Alex sintió que le empezaba a crecer un dolor de cabeza al pensar en cómo los Nativos podrían de repente entrometerse en sus decisiones.

Ya podía decir que algunos de ellos eran confrontativos por naturaleza.

—Entonces me aseguraré de recordarles que no es asunto suyo —murmuró Alex, mientras se acostaba en su cápsula.

Kary soltó una risa sofocada antes de hacer lo mismo.

No podía esperar a ver la expresión en sus caras.

—¡Iniciar sesión!

—dijeron ambos al mismo tiempo.

Mientras sus cuerpos se hundían en el gel suave, ambos escucharon el mensaje familiar.

*Lanzando Nuevo Edén*
—Ya les dije a los sirvientes que si querían preparar nuestra ropa, deberían hacerlo en la noche, si no estamos allí, o esperar a que despertáramos si dormimos aquí —dijo Fénix—.

No fue fácil explicarles que nuestros cuerpos podrían no estar aquí cuando ellos entraran, pero eventualmente lo entendieron.

Se imaginó sus caras al explicarles que mayormente no estaban durante la noche y soltó una carcajada para sí mismo.

Mientras caminaba hacia su lado de la cama, observó el conjunto preparado para él.

Era mucho menos atrevido que el que llevaba puesto actualmente.

Agradeció silenciosamente a Coral, a quien supuso que lo había preparado, dado que todavía podía sentir un poco de su maná impregnado en él.

Fénix, en su lado de la cama, tenía un bonito vestido largo preparado, en tonos claros de rojo y rosa, que combinaba con la paleta de colores de su propio conjunto.

Mirando la camisa de terciopelo, combinada con los pantalones negros de obsidiana, solo se quejó en silencio de los volantes en la camisa.

Fénix se rió al ver su cara abatida y se cambió mientras él refunfuñaba.

Astaroth no pudo evitar mirar su cuerpo mientras lo hacía, maldiciendo que no tuvieran tiempo para disfrutar un poco antes de desvestirse también.

Al ponerse el conjunto, se dejó el collar puesto, ya que sintió que todavía combinaba con su aspecto actual.

Mirándose al espejo, gruñó por los volantes, pero todavía pensó que se veía afilado como el infierno.

Cuando ambos finalmente estuvieron listos para dejar la habitación, Fénix pasó su brazo por el de Astaroth, sonriéndole.

—Ya envié el mensaje.

La mayoría están en camino y he convocado al consejo —dijo ella—.

Algunos se quejarán de que estén presentes los otros oficiales, pero confío en que mantendrás la reunión civilizada.

Astaroth le guiñó un ojo con una sonrisa en los labios.

—Oh, será civilizada, de acuerdo.

Si cualquiera de esas personas piensa que puede hablar fuera de turno conmigo allí, rápidamente entenderán quién está al mando —afirmó con confianza.
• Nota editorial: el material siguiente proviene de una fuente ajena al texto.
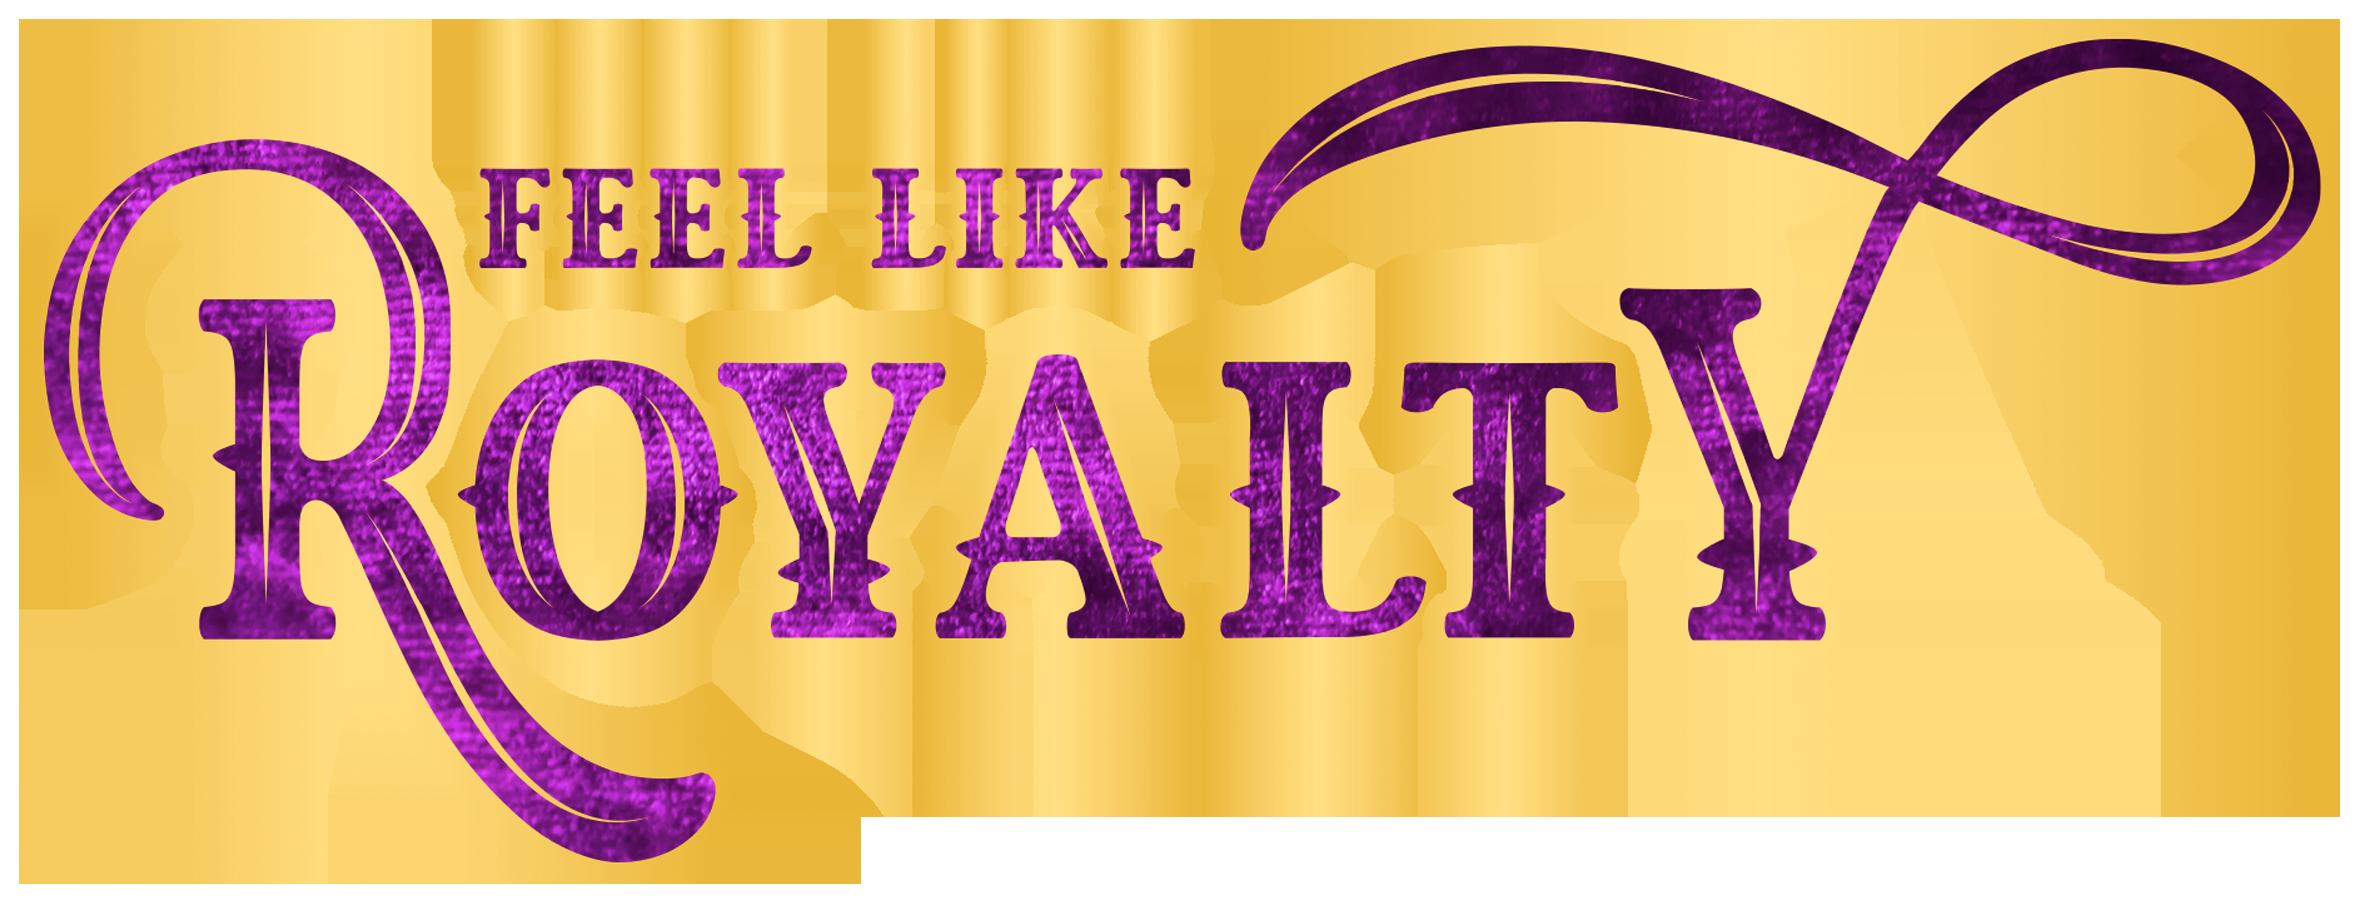 Feel like Royalty_Velvet Etch Headline

Fénix le pellizcó el costado, manteniendo la sonrisa en sus labios.

—Por favor, amor.

No peleas de gallos en funciones oficiales.

Los Nativos ya piensan mal de nosotros y llaman a la mayoría de los jugadores salvajes.

No hay necesidad de agregar a esa reputación —le rogó suavemente.

Astaroth se estremeció cuando los dedos se clavaron en su piel delgada sobre las costillas, pero se rió de todos modos.

—De acuerdo.

Solo me aseguraré de que sepan esperar su turno para hablar.

Seré lo más amable que pueda —prometió—.

Vamos, tenemos un largo día por delante.

Asintiendo con la cabeza, Fénix sincronizó su paso con él, mientras él empujaba las puertas hacia el pasillo.

Los dos guardias de turno los saludaron al salir y cerraron las puertas detrás de ellos.